Artificial Intelligence comes to the rescue
The computer has also learnt how to detect lies. Weeding out false information in texts using computer linguistics and machine learning is new. So how does it work?
The most important thing is to find the corpus that is proved to be 100% true or false. At times, researchers work with a corpus of 150-180 texts, but the statistical spread is very high at this rate, so the interpretation of the result has to be very thorough.
Once the necessary corpus is formed, the first thing on the list is the vocabulary. Texts have to be processed: the special linguistics software, like LIWC or MyStem, identify parts of speech, spot the emotionally charged words, names, especially celebs, and count it all.
The researchers' goal is to analyse the collected data and define the patterns. In the paper by Dina Pisarevsakya who studied news texts from different sources, the trends included length of words, frequency of adjectives, conjunctions, numerals, citations, and overall emotional tune.
Another method proposed by Pisarevskaya in collaborative research with Boris Galitsky is based on analysing larger entities of text, not just words and phrases, but the structure. The analysis is based on the theory of rhetorical structures. It is a "theory of text structure that is being extended to serve as a theoretical basis for computational text planning.... The schemes which compose the structural hierarchy of a text describe the functions of the parts rather than their form characteristics."
The creators of this theory, William Mann and Sandra Thompson defined several rhetorical relations, among which are detailing, antithesis, setting an objective, and others. The text written by a liar is expected to have a specific structure.

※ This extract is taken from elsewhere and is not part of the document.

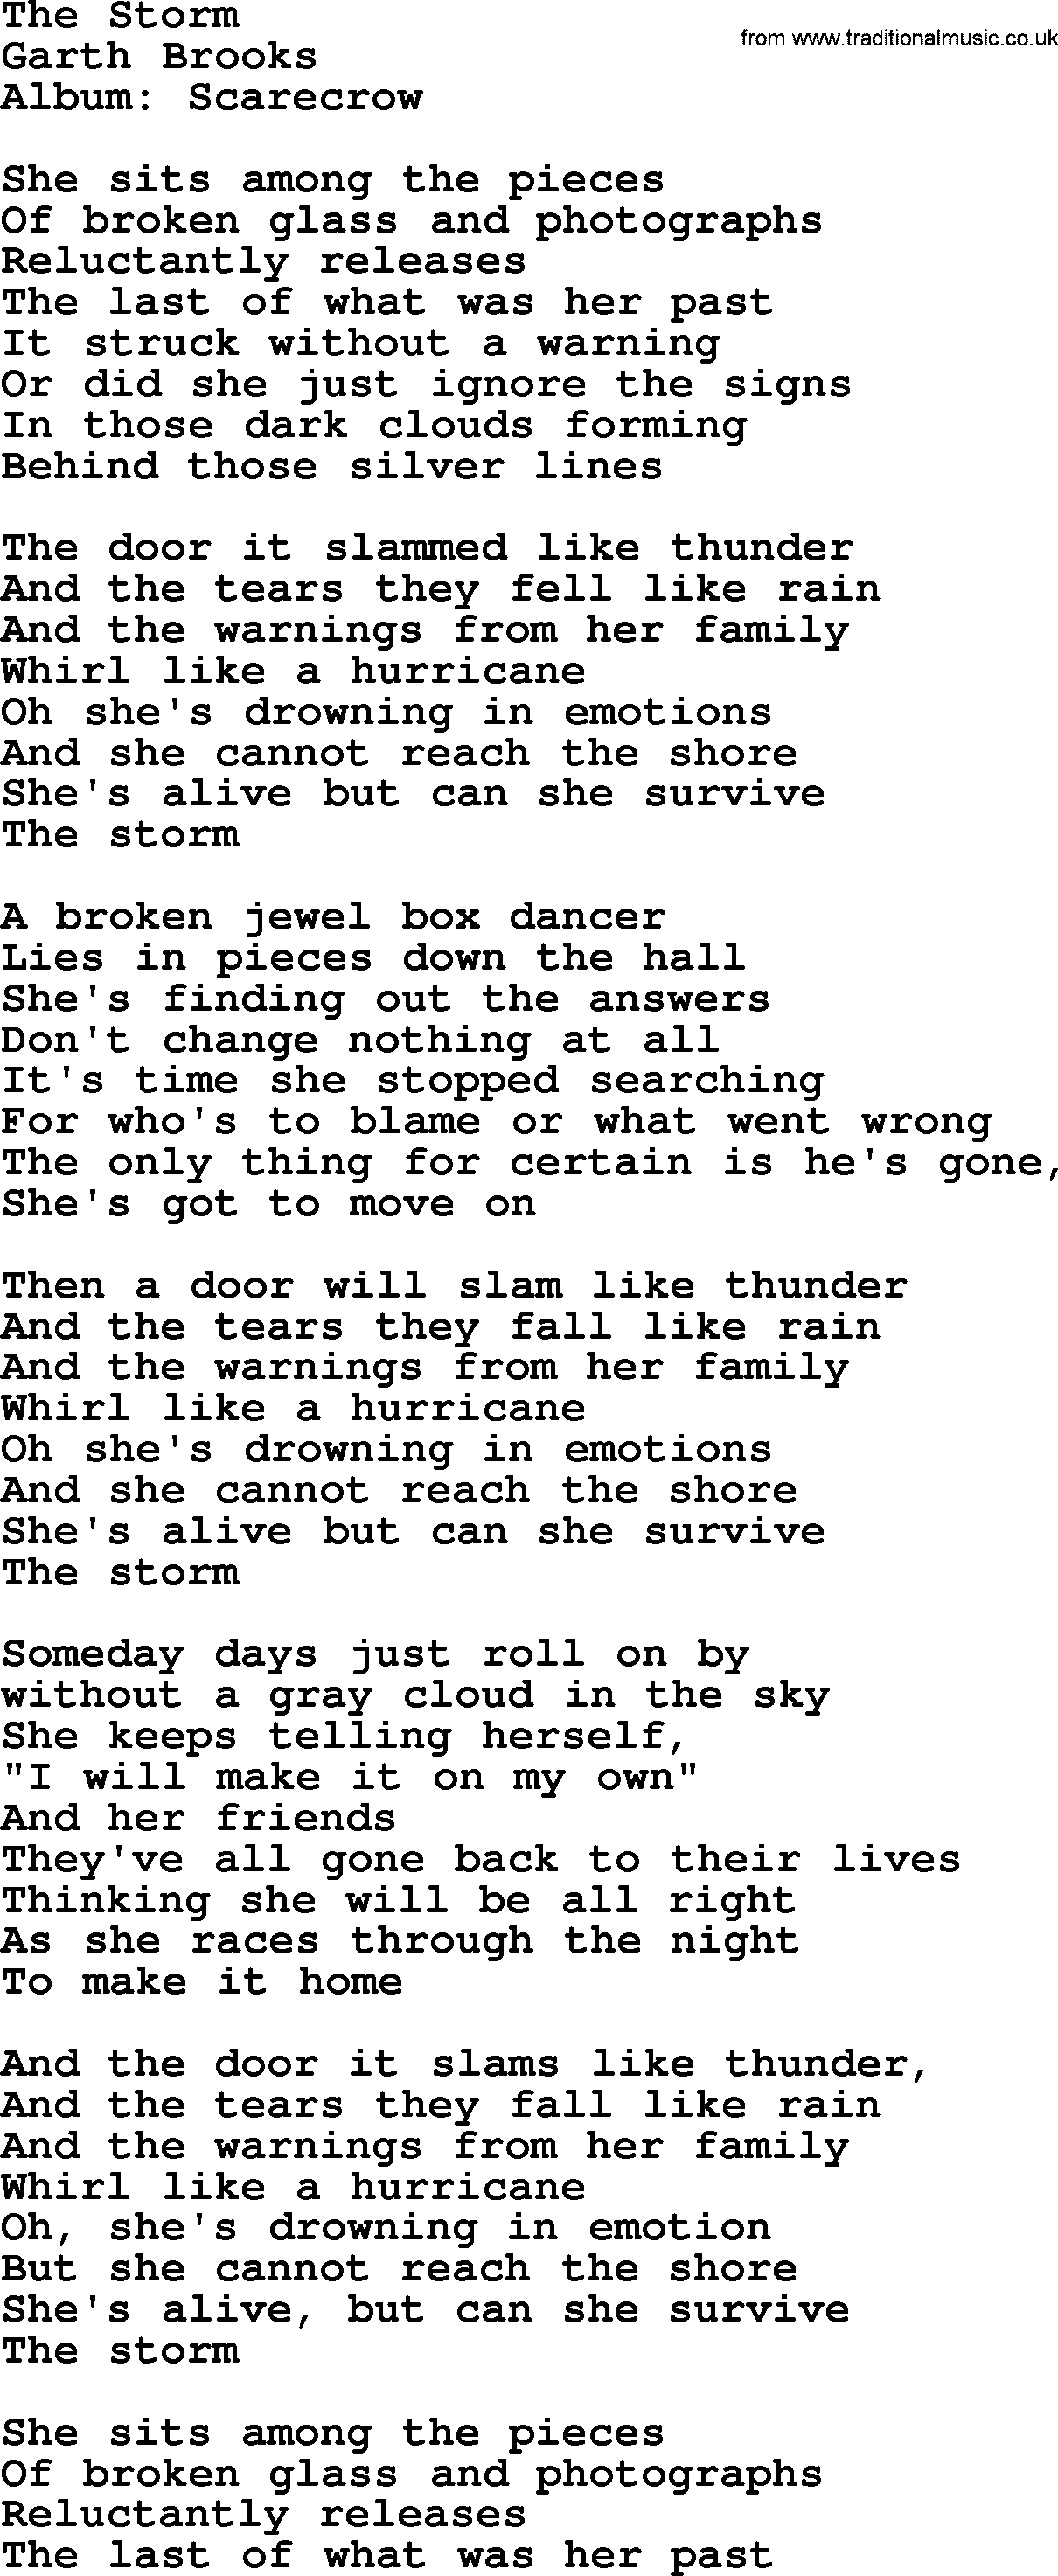 Garth Brooks song: The Storm, lyrics

Other research delving into the nature of fake news emerged following the East Japan Great Earthquake of 11 March 2011. Rumours about an explosion at a petrochemical complex owned by Cosmo Oil started to pop up on twitter.
The study was done by a group of scientists from the US and Japan, who developed an algorithm for fake news detection based on topic diversity.
To analyse the situation, they combed through 200 million tweets to reveal topic diversity using a micro-clustering approach. They started by "extracting micro-clusters, small sets of keywords that represent topics, using a data polishing algorithm … from tweets about the event"; then they analysed these clusters over time to see how topics would change.
In other words, the news about a real event is more diverse and heterogeneous than the fakes. This is accounted for by truthful people changing the voice of the post and their attitude towards the event as they learn more details. As a result, the topic diversity index grows even though the overall number of tweets stays the same. The authors of fake tweets, on the other hand, remain on their original point and retain their initial, false, claims since they don't reflect on the subject and just go on tweeting. In this case, there is no change in the number of clusters, or subtopics, even if the quantity of tweets rises.